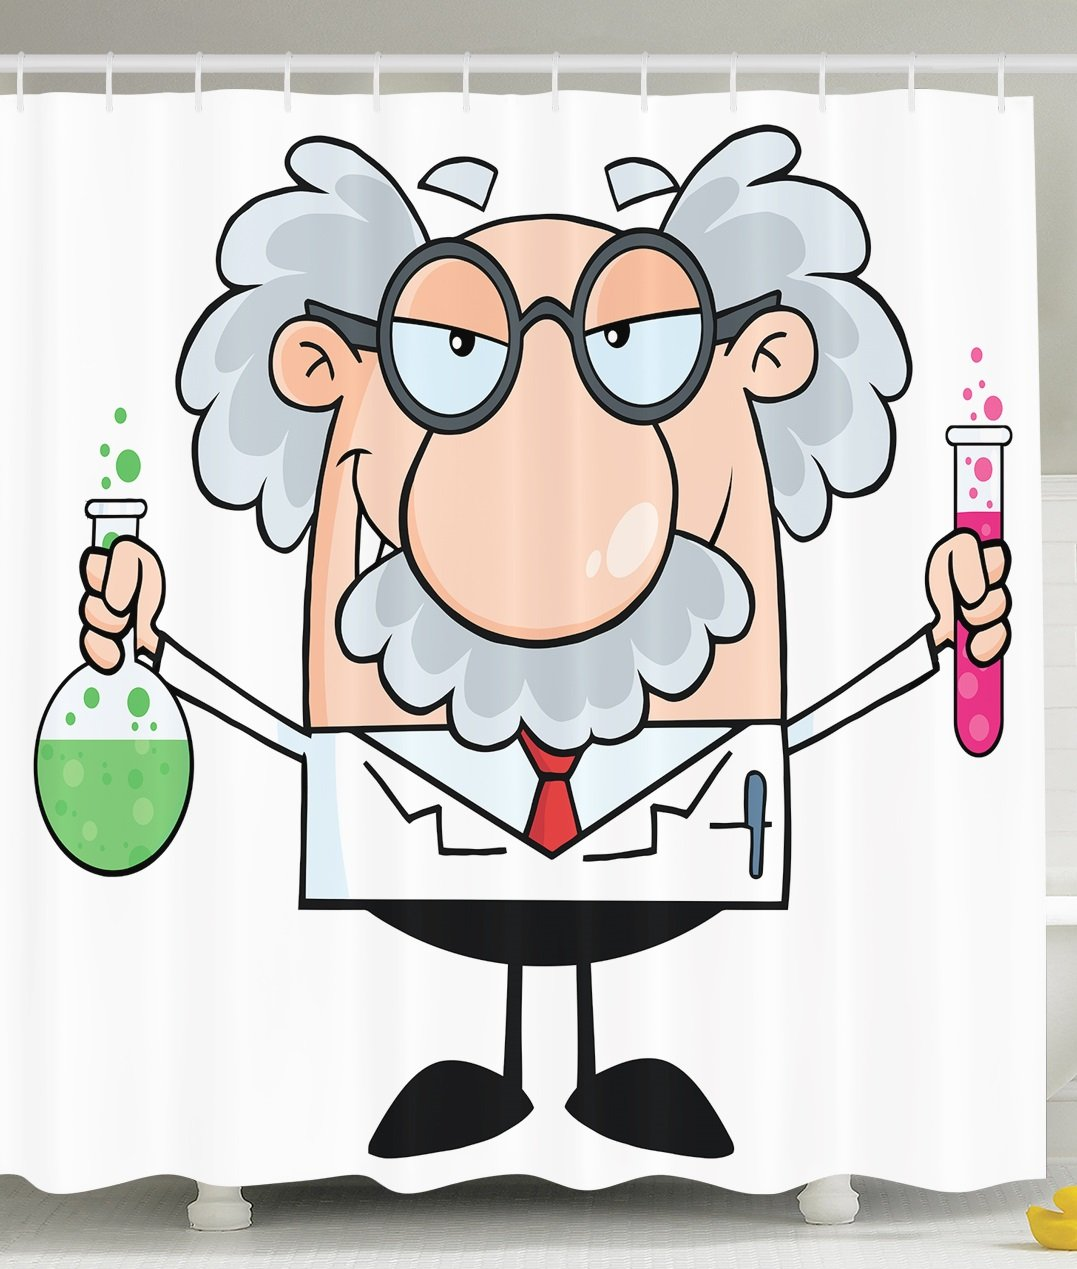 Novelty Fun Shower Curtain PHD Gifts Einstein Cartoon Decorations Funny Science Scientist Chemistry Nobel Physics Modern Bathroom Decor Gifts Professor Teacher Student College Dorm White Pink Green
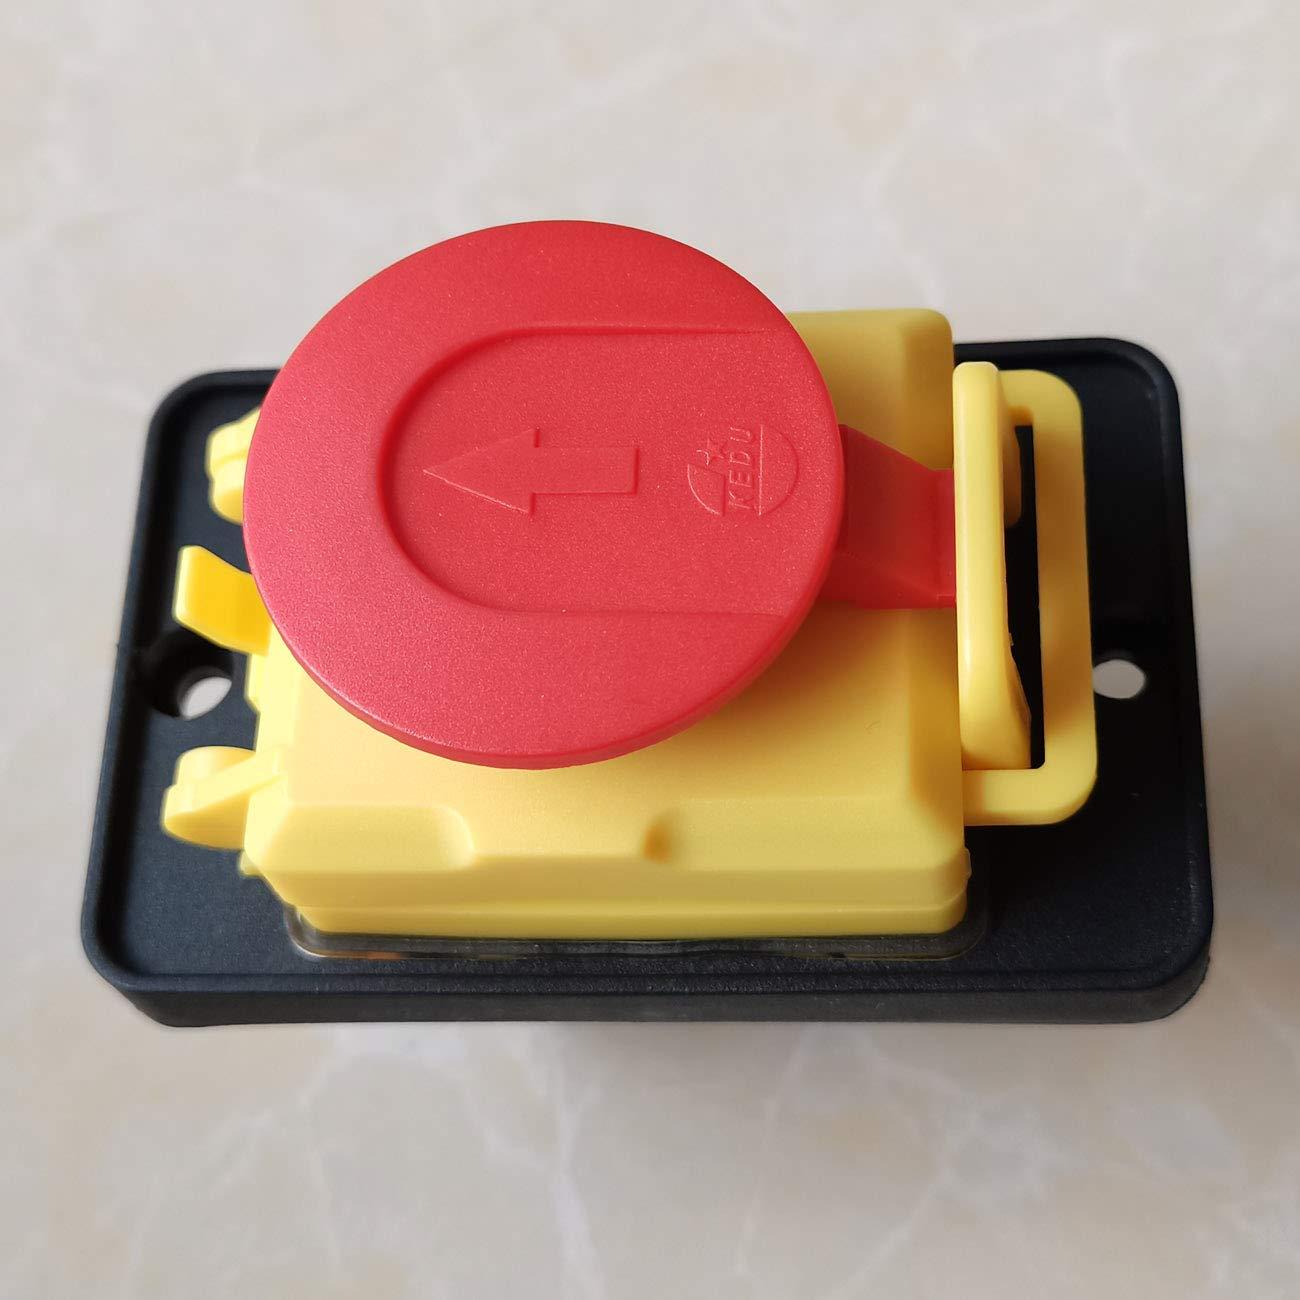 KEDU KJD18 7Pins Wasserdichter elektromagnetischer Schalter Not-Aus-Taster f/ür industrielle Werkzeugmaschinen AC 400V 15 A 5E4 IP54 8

--

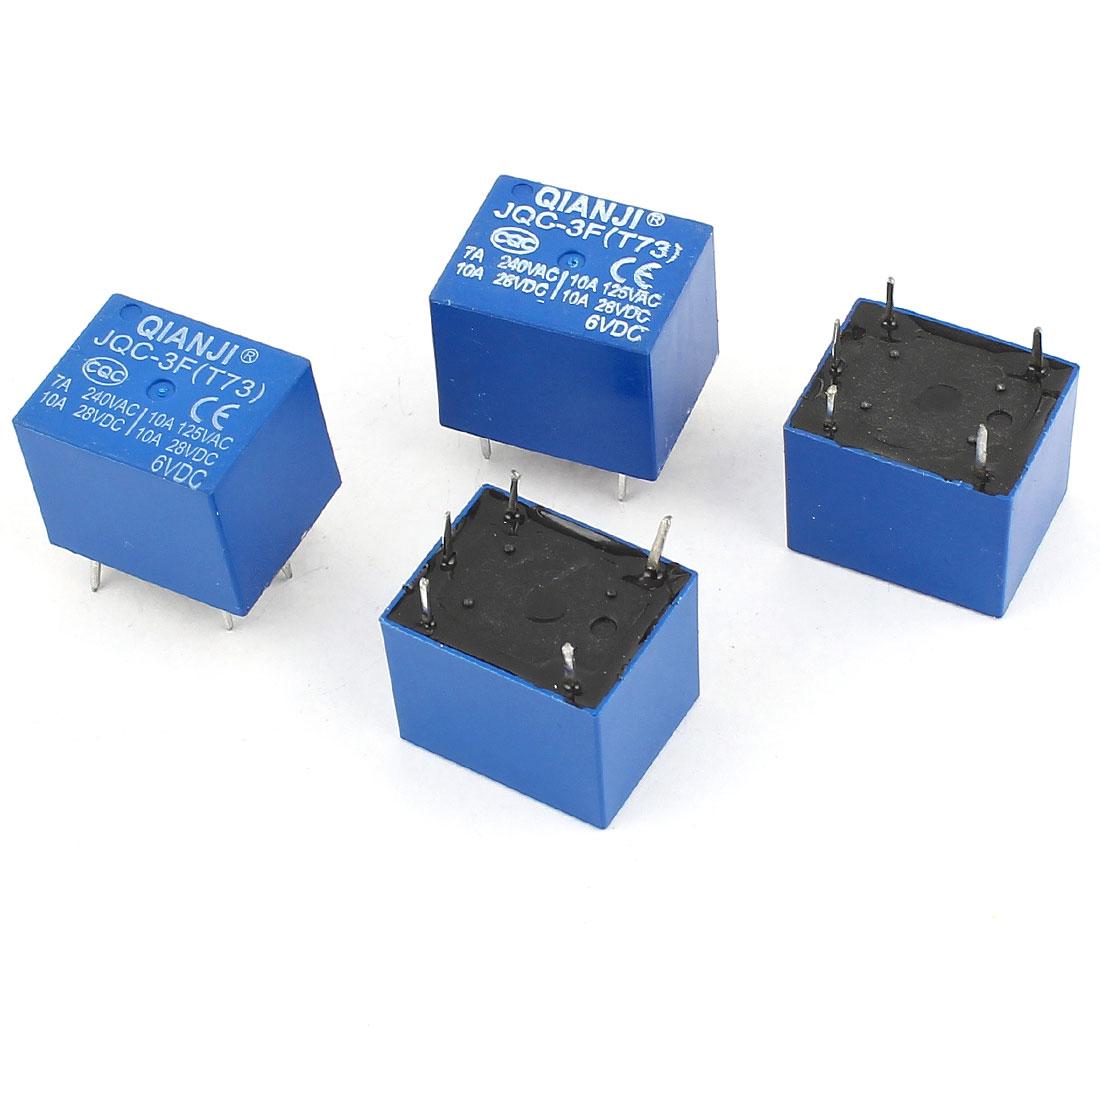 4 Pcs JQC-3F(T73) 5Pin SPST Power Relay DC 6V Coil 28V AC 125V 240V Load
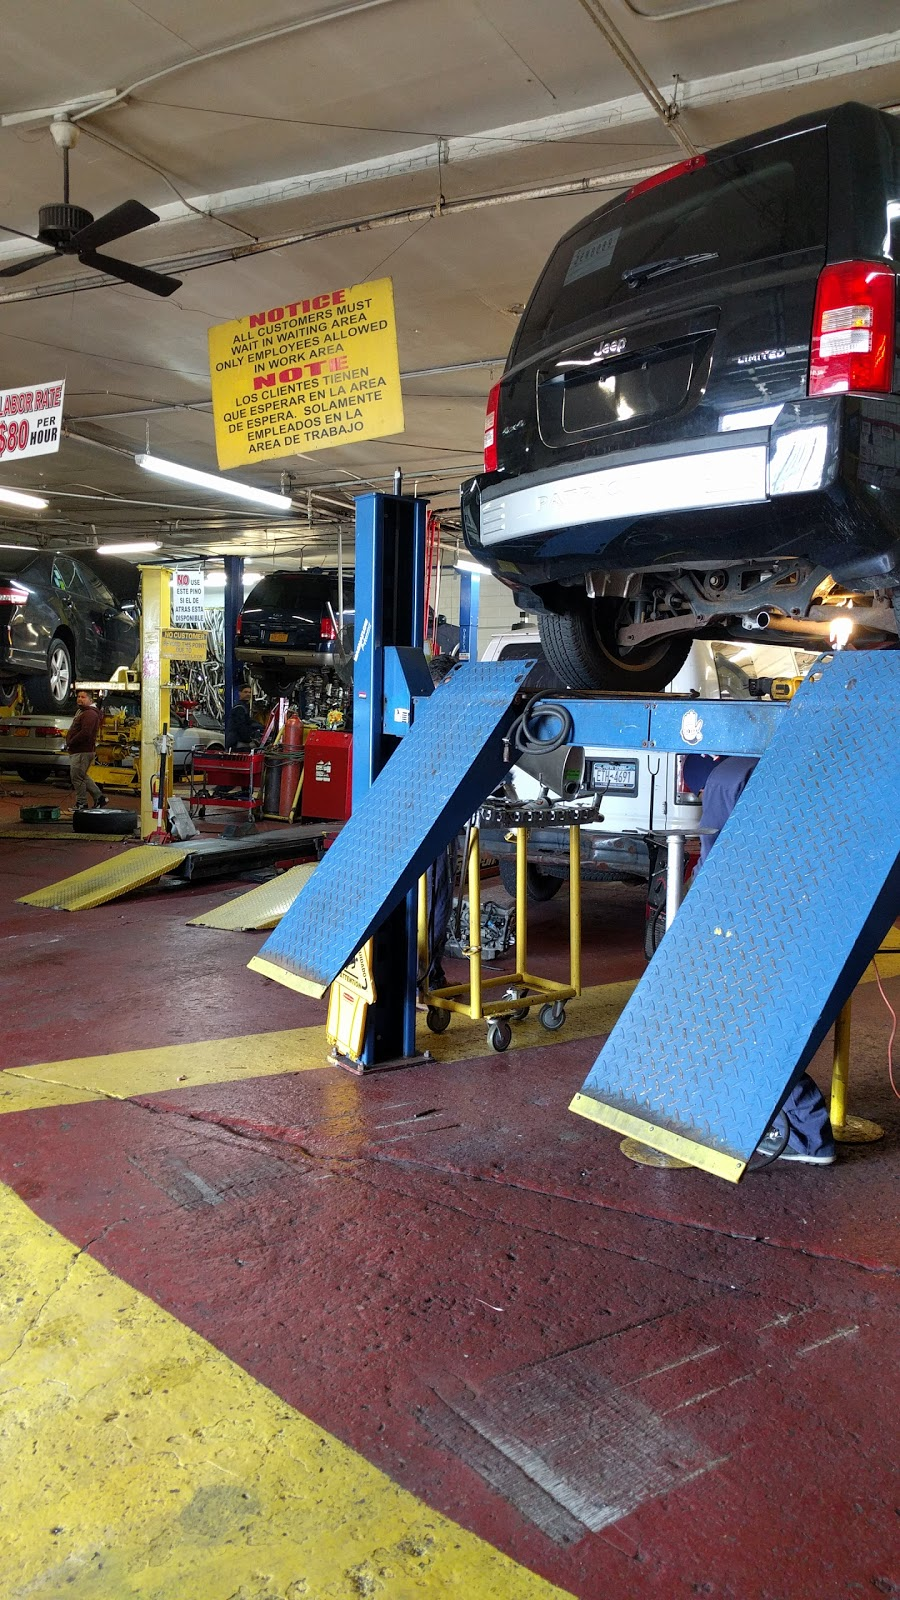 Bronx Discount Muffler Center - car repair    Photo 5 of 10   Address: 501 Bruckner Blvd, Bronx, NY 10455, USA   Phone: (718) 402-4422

==

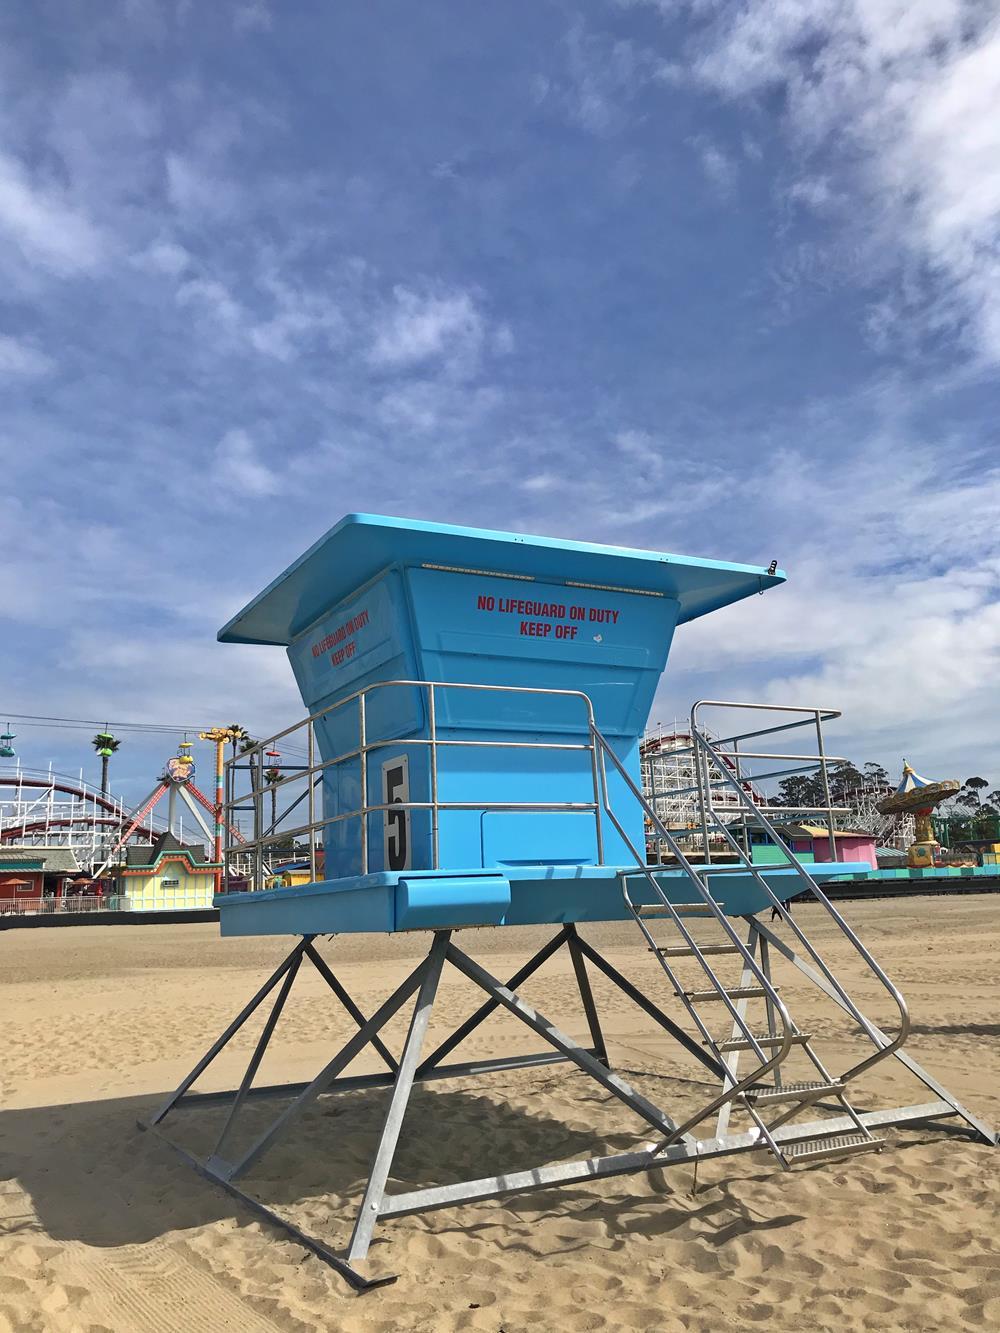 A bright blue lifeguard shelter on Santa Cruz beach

_HOW TO COMPLETE THIS TASK_
Write out exactly the lines above between the one with "4 Pcs JQC-3F(T73)" and the one with "Bronx Discount Muffler", inclusive, with pictures left out.

_ANSWER TO THIS EXERCISE_
 4 Pcs JQC-3F(T73) 5Pin SPST Power Relay DC 6V Coil 28V AC 125V 240V Load
 Bronx Discount Muffler Center - car repair    Photo 5 of 10   Address: 501 Bruckner Blvd, Bronx, NY 10455, USA   Phone: (718) 402-4422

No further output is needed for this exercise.